No recuerdo por qué circunstancias, tuve que viajar por la tarde. Esa elección me llevó a disfrutar de un viaje interminable en el que fui de Ciudad Rodrigo a Medina del Campo, 156 Km, allí tuve que hacer transbordo, y me embarqué, al cabo, en un segundo tren que me depositó en Madrid, 142 km después. (Es curioso pero hoy no es posible hacer en tren el trayecto Medina/Ciudad Rodrigo).

Lo asombroso, visto con la óptica del año en que vivimos, es que tardé la friolera de 12 horas en devorar los poco menos de 300 Km que separan Madrid de Ciudad Rodrigo.

Así fue, salí un atardecer a las 8 de la tarde y llegué a Medina cuatro horas después. La espera del tren que debía llevarme a Madrid consumió algo más de otras cuatro horas, hasta que, por fin, a las 8 de la mañana siguiente me apeaba en Madrid.
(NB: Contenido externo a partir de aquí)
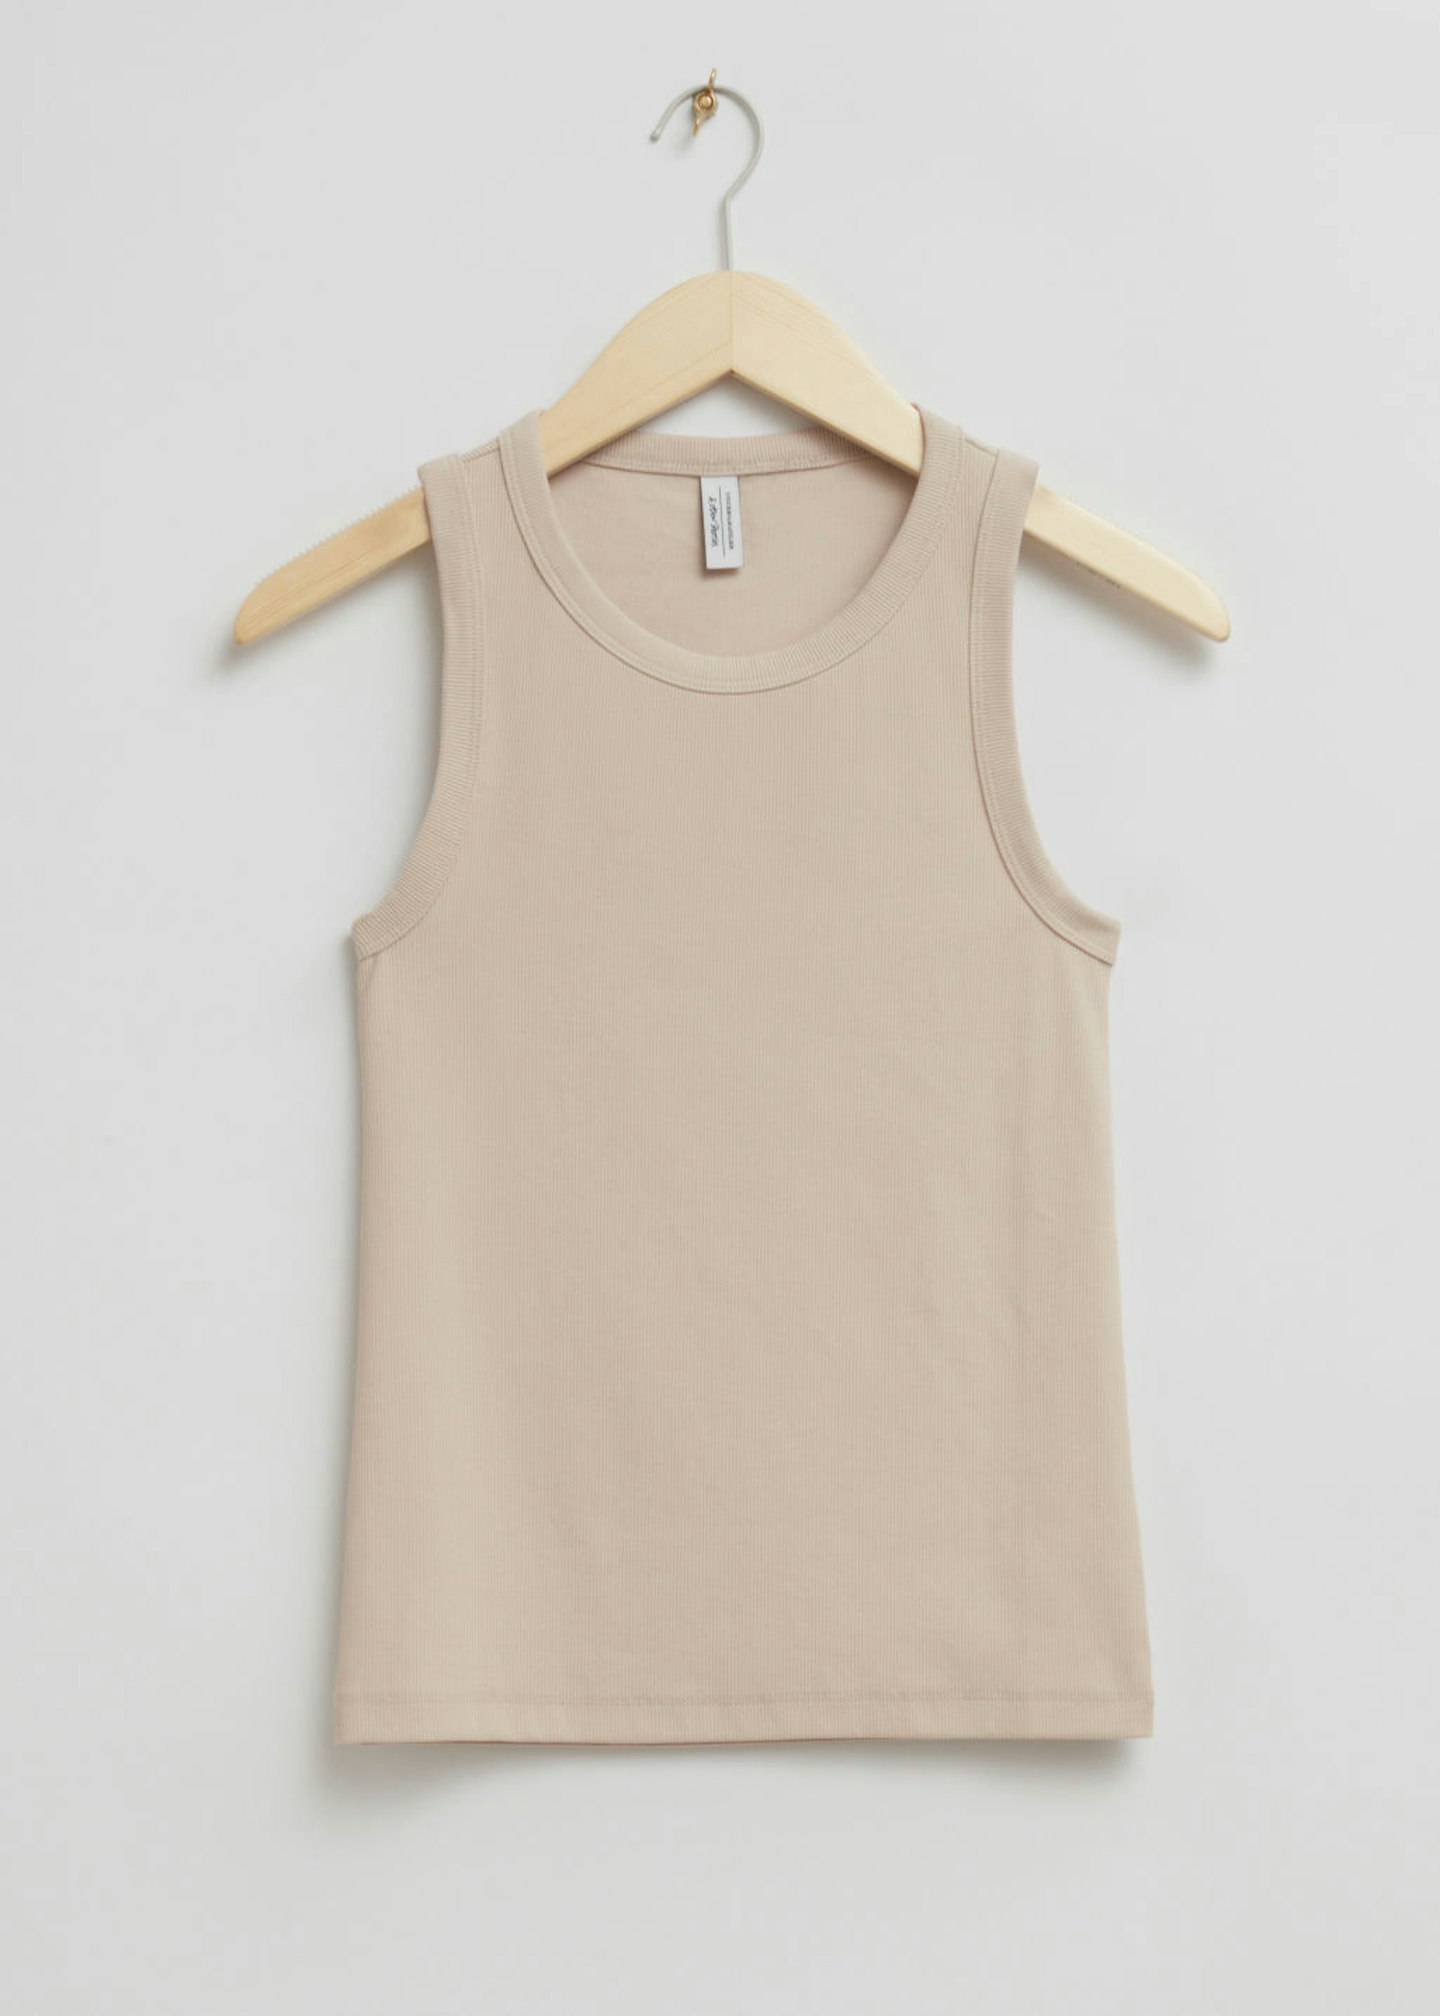 & Other Stories tank top

Aquellos trenes eran entrañables: eran arrastrados por locomotoras de vapor y los coches de tercera eran corridos, con asientos de listones de madera que llegaban sólo a mitad de la altura del vagón; los viajeros se presentaban en cuanto entraban y poco después tiraban de fiambrera o de servilleta de cuadros anudada y cenaban o merendaban o almorzaban, ayudados de algún trago que otro a la bota o la botella, no sin antes haber dicho el consabido "¿gustan, ustedes?", que a coro se contestaba con un "que aproveche".

Uno podría pensar que en aquellos tiempos, teniendo en cuenta las velocidades alcanzadas, al menos no habría riesgo alguno de accidentes. Ya lo veremos.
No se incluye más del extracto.